Mr. Burningham has been hitting the right note with children and parents for decades. He has published over fifty books, nearly one every year, since his first book Borka: the Adventures of a Goose with No Feathers in 1963. It won The Kate Greenaway Medal, the British equivalent of the Caldecott. His most well loved book, Mr. Gumpy’s Outing, won The Kate Greenaway Medal in 1970.
In his recent book It’s a Secret, young Marie Elaine is curious about where her cat Malcolm goes at night. One night, while coming downstairs to get a drink of water, she catches Malcolm, dressed to the nines, ready to slip out for the evening. She begs him to take her along. The cat agrees—as long as she changes into party clothes and “gets small.” The neighbor boy, Norman Kowalski, is not asleep either and spies the pair walking past his house. He wants to go too and blackmails them into bringing him along. What happens afterwards is the secret.
All the necessary elements are there in this delightful fantasy: adventure, midnight festivities, and feline royalty. This author is well known for his ability to take children on fantasy journeys. His book Come Away from the Water, Shirley is a prime example.
Burningham has been quoted saying, “People need fantasy. If you were to deprive them of it, they would go completely bonkers.”
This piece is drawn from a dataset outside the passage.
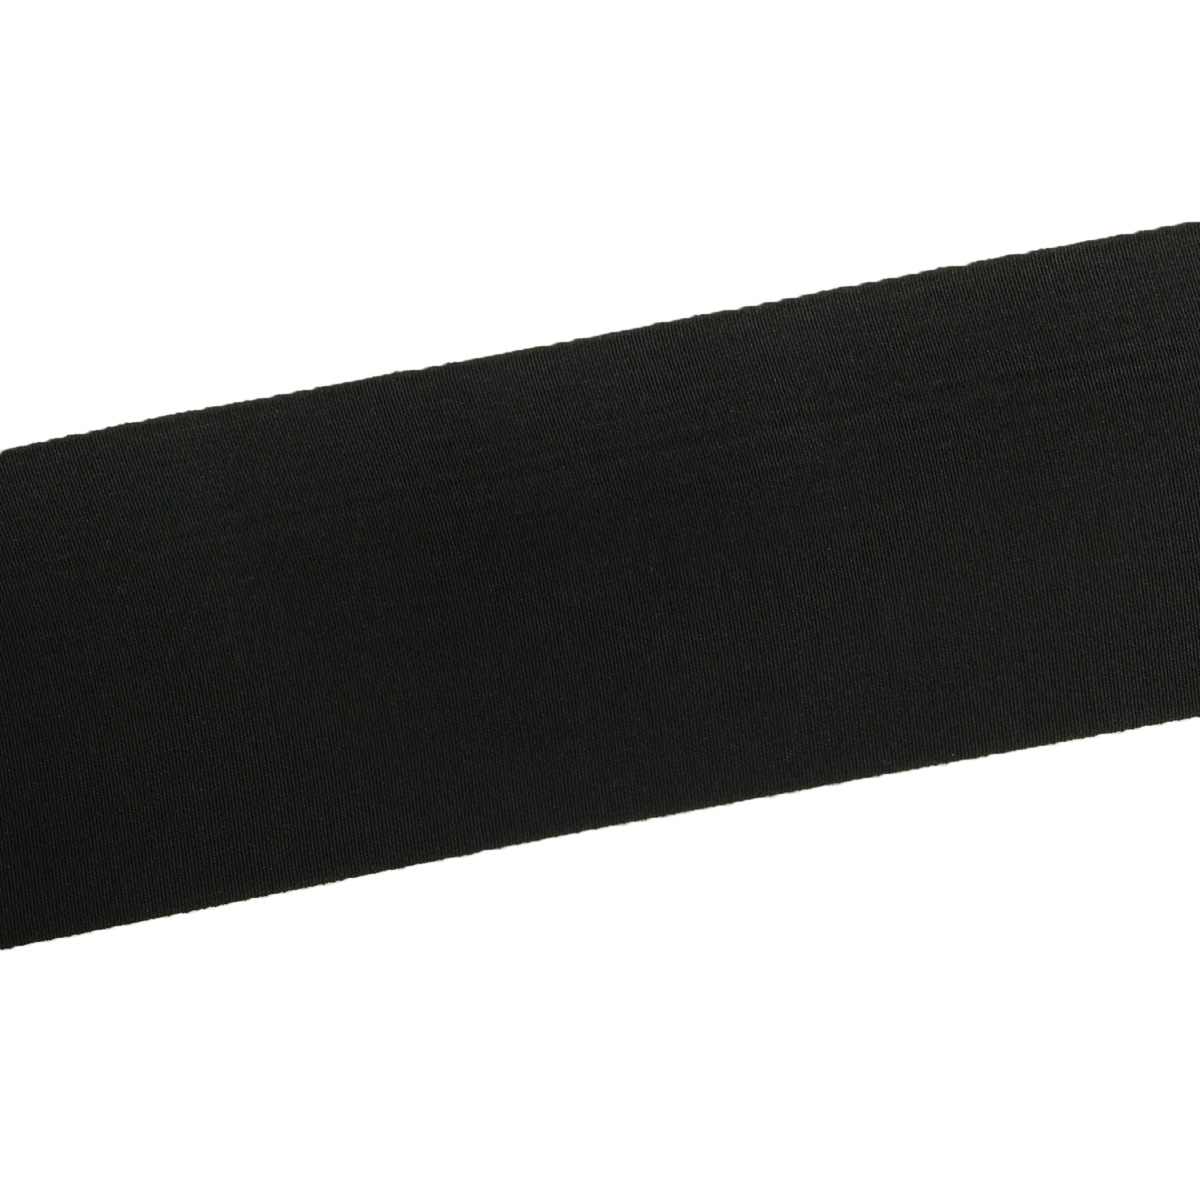 Лента Айрис резинка тканая эластичная башмачная для шитья челси чешек слипонов 100 мм 20 м черная - фото 2

The book’s illustrations have been achieved by a variety of mediums. Ink sketches of the characters are filled by simple crosshatching, water color, or crayon. Burningham’s characters may have the look of being quickly sketched, but he has said that they have been well rehearsed before the final execution. He knows them well and thus is able to use minimal lines to achieve maximum effect. The trio on the book’s cover is a fine example: loosely sketched, yet full of tension, excitement, personality and movement.
Burningham has expressed his dislike for what he calls a “party food approach” to books for children, that is, the belief that “lots of colours and pretty pictures will do when there’s no content. Children get very quickly bored. Colour means absolutely nothing unless it is used to some effect.”
In It’s a Secret!, he has created dramatic skies, thick with color and interesting texture, behind a simple cityscape. As the dawn’s light begins to overtake the darkness of night, we see the artist’s use of color to great effect. Burningham’s interest in light and landscape is apparent in many of his picture books. His landscapes and skies are painterly and dramatic. This is one of the reasons his books appeal to adults as well as children.
The text is minimal, simple, and full of charm. My favorite line comes at the end of the book when Marie Elaine’s mother, finding her stretched out on the living room couch the next morning says, “You look as if you were out all night with the cat.” Marie Elaine answers truthfully but doesn’t divulge any details … and neither will I. It’s a secret!
John Burningham is married to Helen Oxenbury, also an award-winning and much loved children’s book illustrator and pioneer in the design of board books. They have recently collaborated on a picture book for families who are expecting: There’s Going to Be a Baby. The depictions of baby and his imagined antics are so delightful, even the most threatened sibling will be won over.